Hepatoblastoma in children

Hepatoblastoma is the most common primary liver tumour in children. Complete surgical removal is the treatment of choice for cure; however, in most cases the tumour is unresectable because of its extensive hepatic involvement. Nineteen pediatric cases (11 boys, 8 girls) with ages ranging from three months to 17 years were referred for management to our clinic from 1982 until 2000. All but three suffered from abdominal distention. The other frequent complaints were abdominal mass, anorexia, fatigue, abdominal pain and fever. Physical examination revealed enlarged liver in all patients. In addition to laboratory studies, they were pre-operatively examined by ultrasonography and, in recent cases, computed tomography was also used.

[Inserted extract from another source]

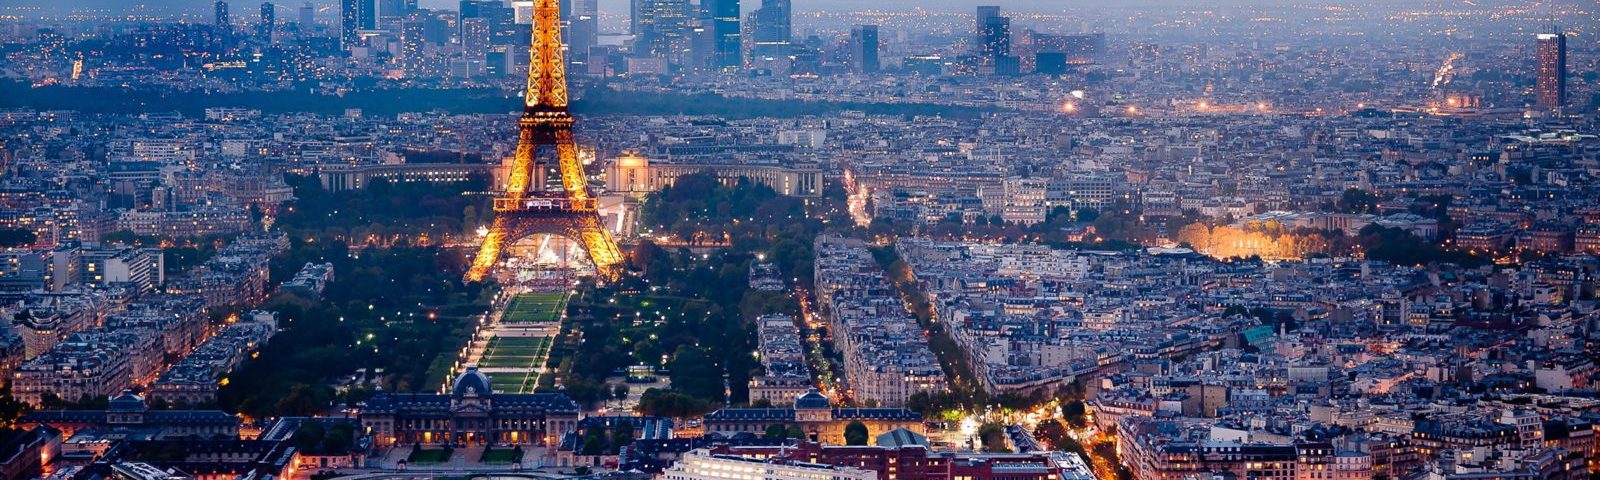 Visitare Parigi, consigli da seguire per visitare la Capitale francese

Serum alpha-fetoprotein levels were found to be elevated in all patients. In thirteen cases, hepatic resections (10 lobectomies, 2 trisegmentectomies, 1 segmentectomy) were performed. In six children only liver biopsies could be done because of the huge tumour size. However, in three of them the tumours were excised at the second laparotomy, but only one patient survived. All of the patients - except two who were lost in the early postoperative period - received chemotherapy whether the tumour was excised or biopsied. In this series the mortality rate was found to be very high (91%) in the 1980s, and more reasonable (50%) in the 1990s, with an overall mortality rate of 73 per cent. This result might be explained with late referral and advanced stage at diagnosis. In addition, we speculate that a combination of improved chemotherapy and technical advances in anesthesia and hepatic resection caused the obvious differences in the survival rates between the two periods.